How many words did Shakespeare know?
There is the eternal question about how many words Shakespeare knew. He was certainly a literary genius, perhaps the greatest one ever, and his vocabulary alone does certainly not qualify as a sole measure for this, but the question of how many words he knew is still interesting. There is a frequently cited paper, that estimates his vocabulary to contain about 66500 words. The statistics behind their approach is quite complex.

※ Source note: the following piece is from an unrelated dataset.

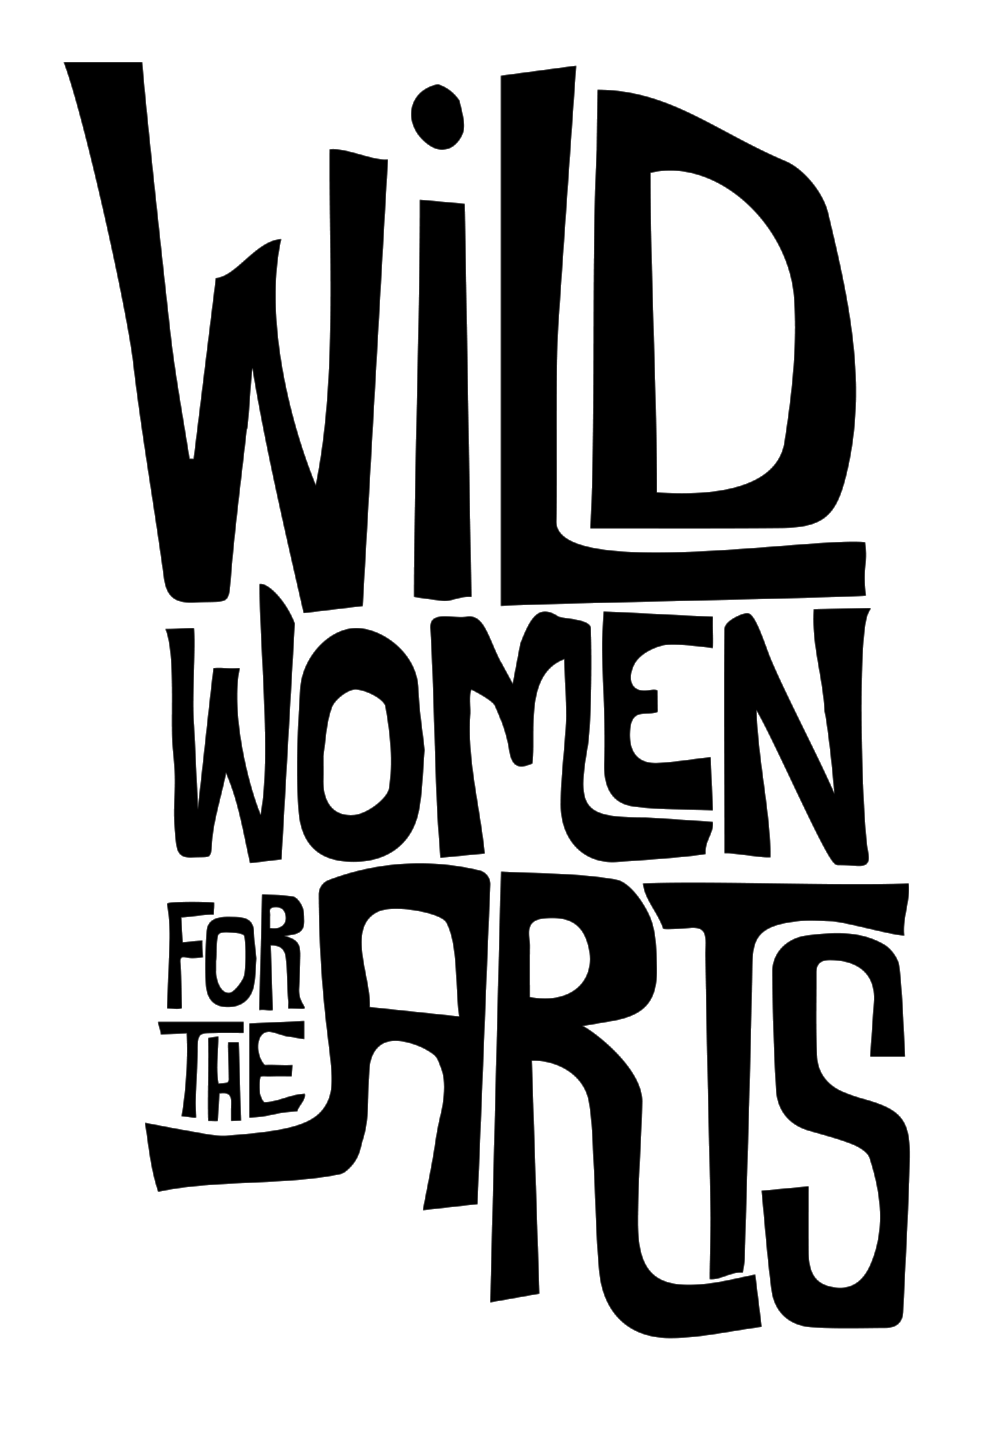 ww logo 2017-01.png

The general idea is that Shakespeare did not use all the words he knew in his plays. In every further play we might have used more words; but because he has already used many words in previous texts the increase becomes slower and slower. Only for an infinitely long text we could learn everything about his vocabulary. I will use an approach that is very different from theirs and much simpler to generate my own estimate. Using the link that @Vitaliy Kaurov provided (see file attached)
texts = Import["/Users/thiel/Desktop/will_play_text.csv.xls"];
words = Flatten[TextWords /@ (StringReplace[StringSplit[#, ";"], "\"" -> ""] & /@ texts[[1 ;;, -1]])[[All, -1]]];
words // Length
I find that there are 775418 words in all plays. Deleting all duplicates we get:
DeleteDuplicates[words] // Length
31665 words being actually used in his work, which is close to what they find in the paper. They also note that they count every distinguishable pattern of letters as different words, i.e. "girls" is different from "girl", which is basically what this word count above also does. I do think, however, that we should transform everything to lower case at least.
DeleteDuplicates[ToLowerCase[words]] // Length
This gives 26620 words. We do not appear to be off by much.
Select[Tally[ToLowerCase[BaseForm /@ words]], #[[2]] == 1 &] // Length
or 14243 of which occur exactly once. We can make a little table to see how many words occur exactly how many times:
BarChart[wordrepetitions[[All, 2]], ChartLabels -> wordrepetitions[[All, 1]], AxesLabel -> {"# of occurrences", "# words"}]
Here's the idea. I need to figure out how many words there would be in an "infinitely long text" of Shakespeare. Needless to say that I don't have one. So let's assume that there was such a text, and the "real" texts that Shakespeare wrote are part of it. Let's also assume that I get all the words in his texts in chunks of 5000 or so. I will have a certain number of unique words in the first chunk. Then I will find some more when I get the second one and so on. Let's ask Mathematica to do that for us:
Monitor[knownwords =
Table[{M, N[Length[DeleteDuplicates[ToLowerCase@words[[1 ;; M]]]]]}, {M, 100, Length[words], 5000}];, M];
ListPlot[knownwords, AxesLabel -> {"Words in known texts", "Unique words"}, LabelStyle -> Directive[Bold, Medium], ImageSize -> Large]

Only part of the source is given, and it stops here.